Olgunlaştıktan sonra oğullar ayrılır, isteksizce ebeveynlerine gelirler, ebeveyn evi de sıcak duygulara ve çekiciliğe neden olmaz. Ebeveynler sürekli yalnızdır, unutulmuş ve terk edilmiş hisseder, nankörlük için çocukları suçlar.
Üçüncü durum
Ailenin bir oğlu var, tüm ebeveyn sevgisi ona her zaman yalnız gitti. Ebeveynler katı değildi, ancak suçlar için eğitici tartışmalar yaptılar. Bozulmadılar, mümkün olduğunca en gerekli şeyleri satın aldılar ve bir kişiye para verilmesinin ne kadar zor olduğunu konuştular. Çocuğa ev işlerini yapması ve yaşlılara yardım etmesi öğretildi.
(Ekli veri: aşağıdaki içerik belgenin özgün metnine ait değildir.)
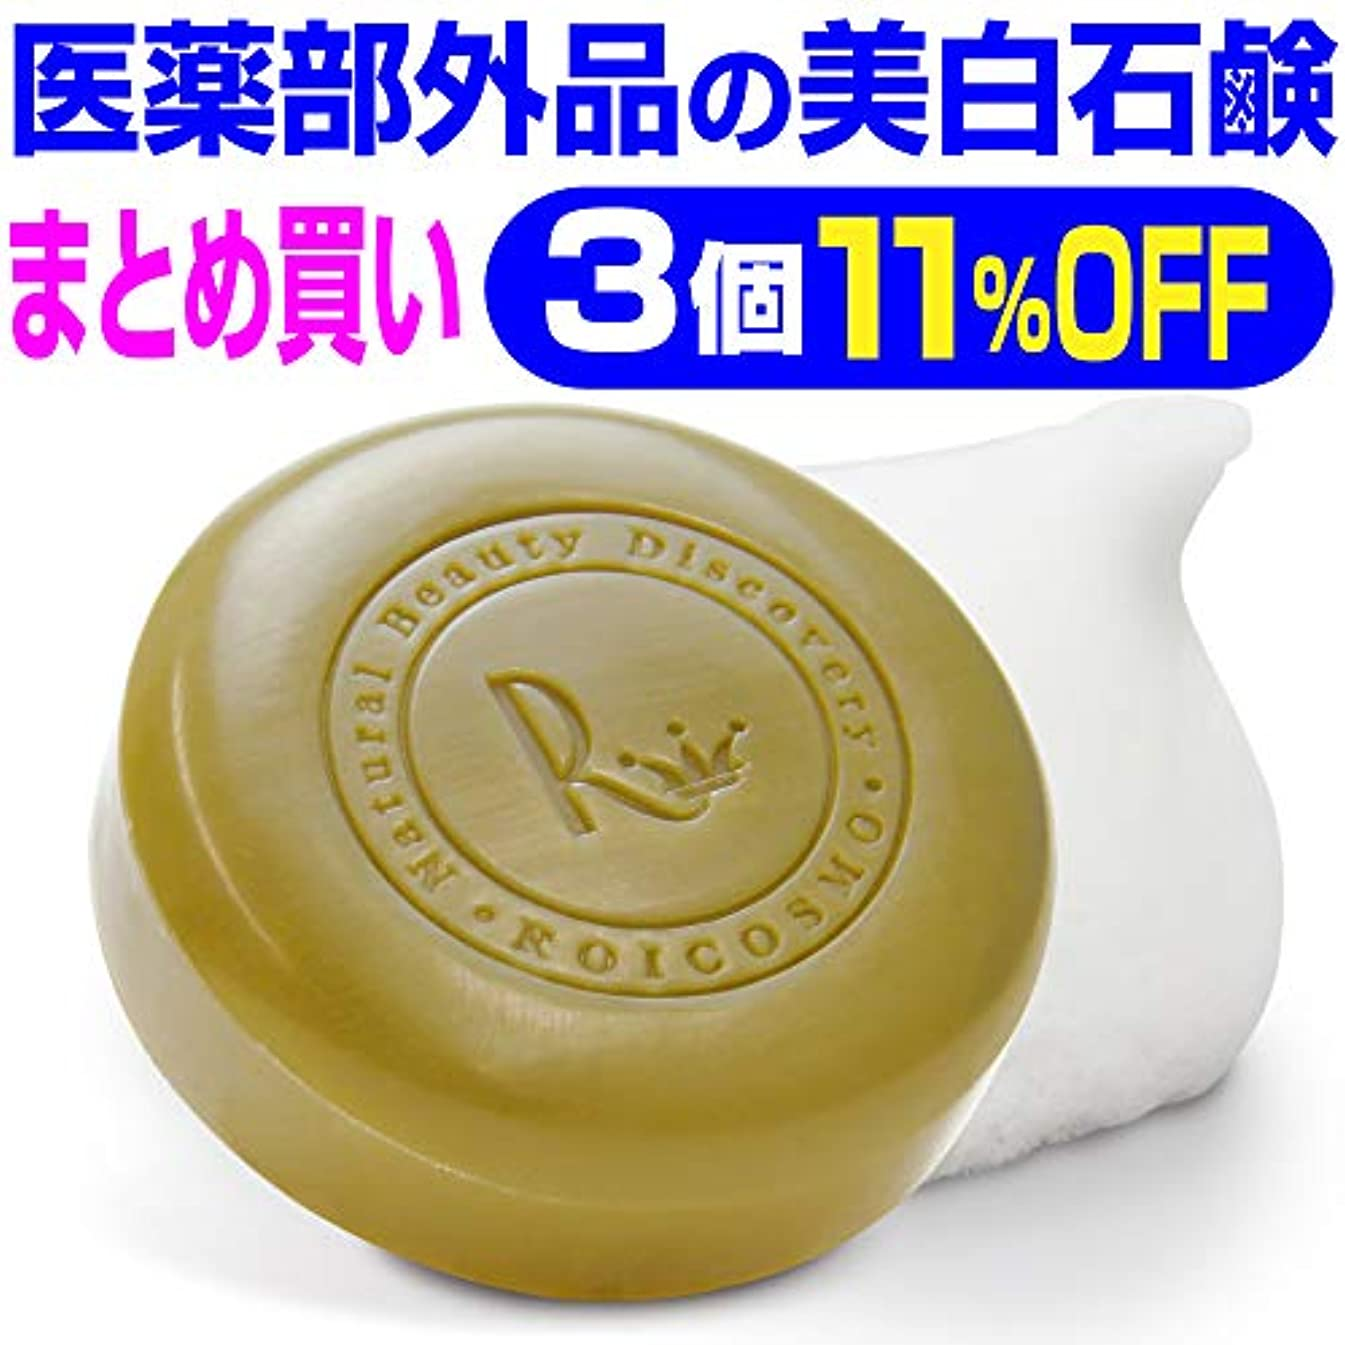 グラマー突撃封建3個まとめ買い11%OFF 美白石鹸/ビタミンC270倍の美白成分配合の 洗顔石鹸『ホワイトソープ100g×3個』
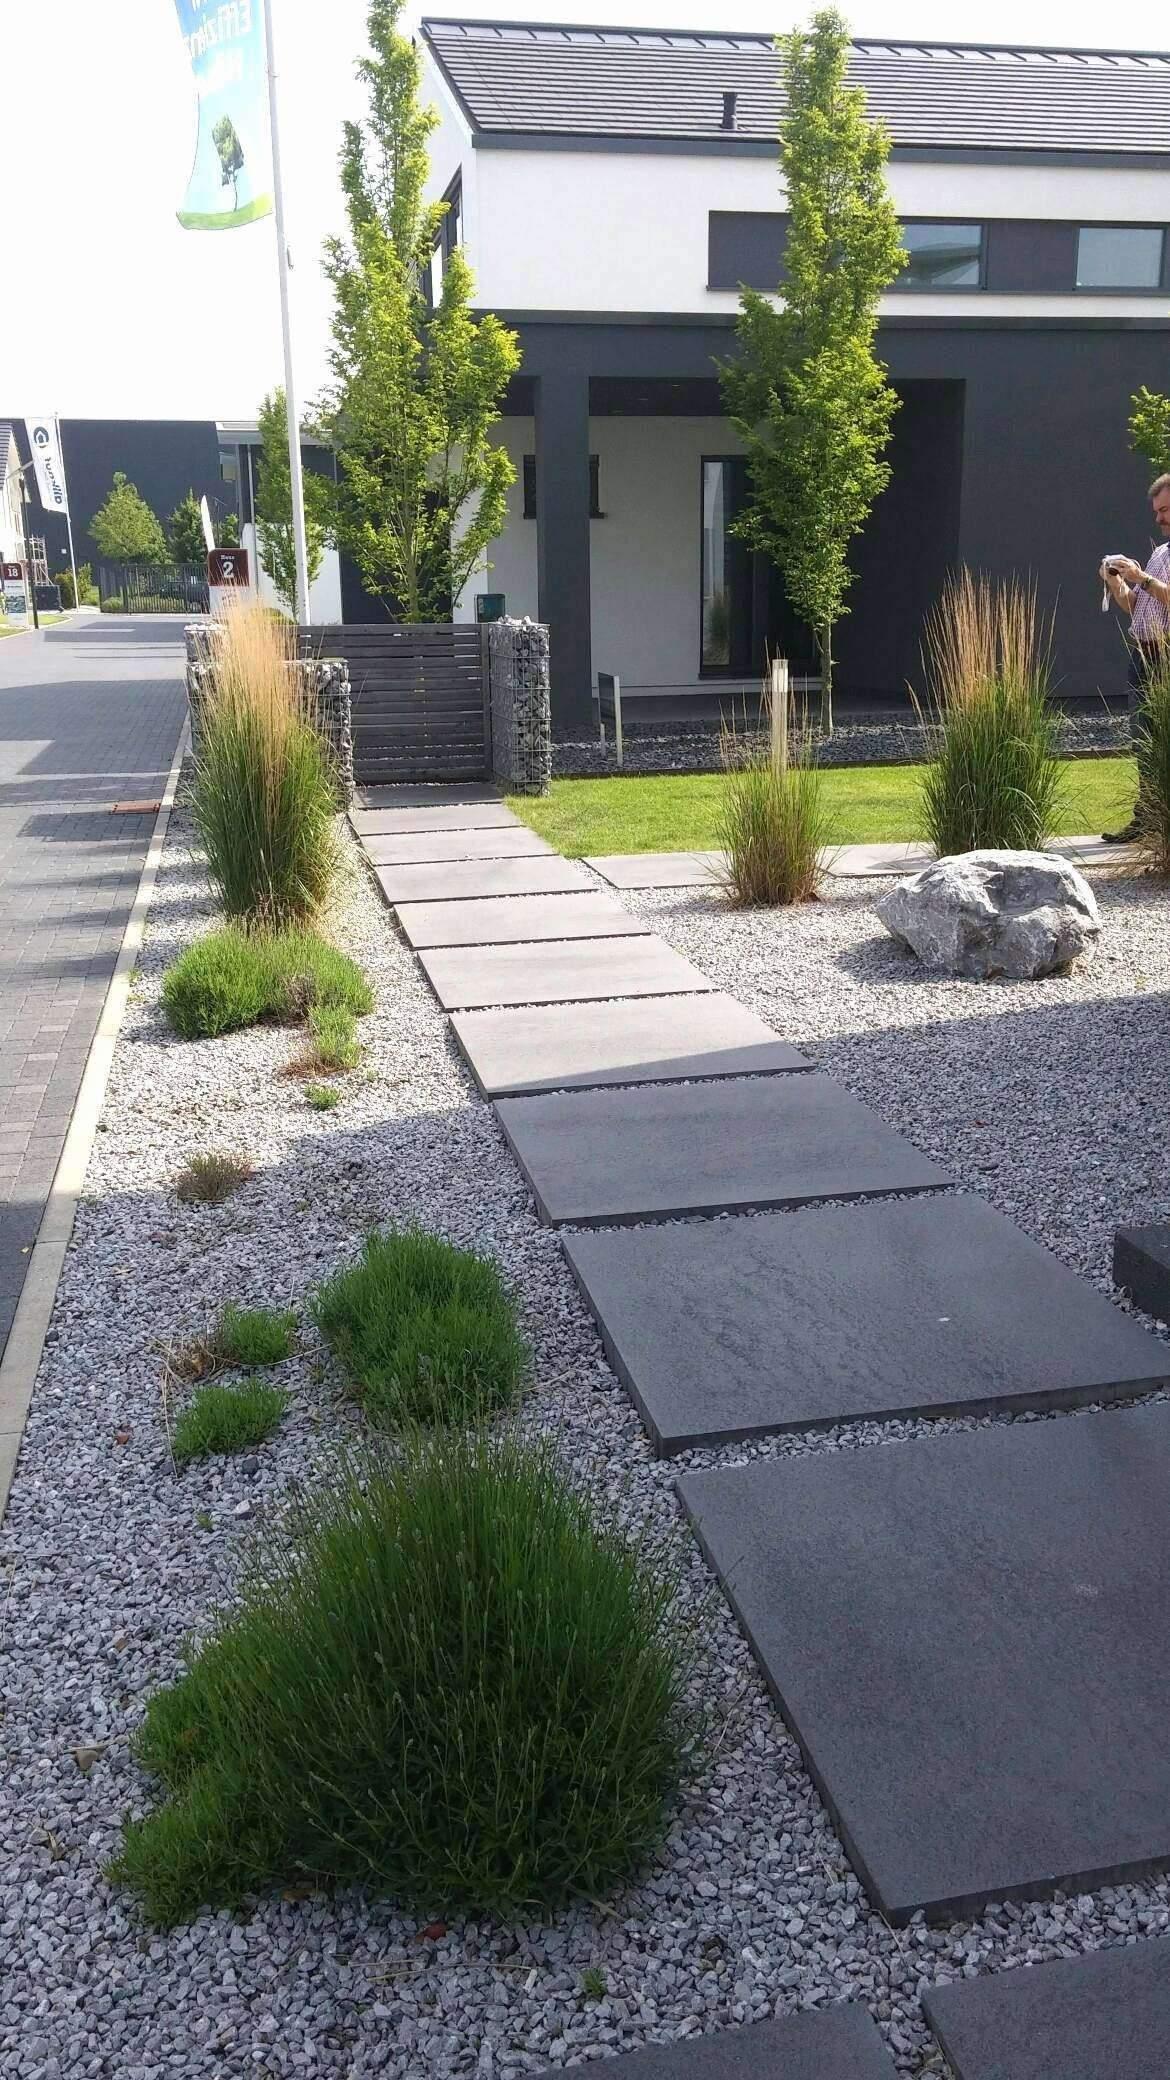 Garten Gestalten Mit Steinen Schön 38 Neu Wege Im Garten Anlegen Das Beste Von

Oğlan, çalışmak istediği çevreleri ve bölümleri kendisi seçti, ebeveynleri ona bu konuda bağımsızlık verdi, ancak bazen oğlunun seçimi arzularından uzaktı. Adam okuldan sonra nerede çalışacağını da seçti, ailesi seçimini beğenmedi, ancak fikirlerini empoze etmediler.
Olgunlaştıktan sonra oğul her gün annesini arar, babasına her zaman yardım eder ve her hafta sonu ailesine kaçmaya çalışır, uzun bir süre ve hediyelerle gelir.
Anlaşıldığı üzere, minnettarlık duygusunun oluşumu sadece ebeveynlik tarzından etkilenmiyor. Çocuklarınıza olduğu kadar onların arzularına, ilgi alanlarına ve özlemlerine de saygı duymanız önemlidir. Ebeveynler onun kendi hedeflerine ulaşmasına izin verirse çocuk minnettar büyüyecektir.
Anne babanız veya yetişkin çocuklarınızla ilişkiniz nedir? Nasıl yetiştirildin ve minnettar bir çocuk musun? Kendi çocuklarınız hakkında ne söyleyebilirsiniz, size minnettar oldular mı?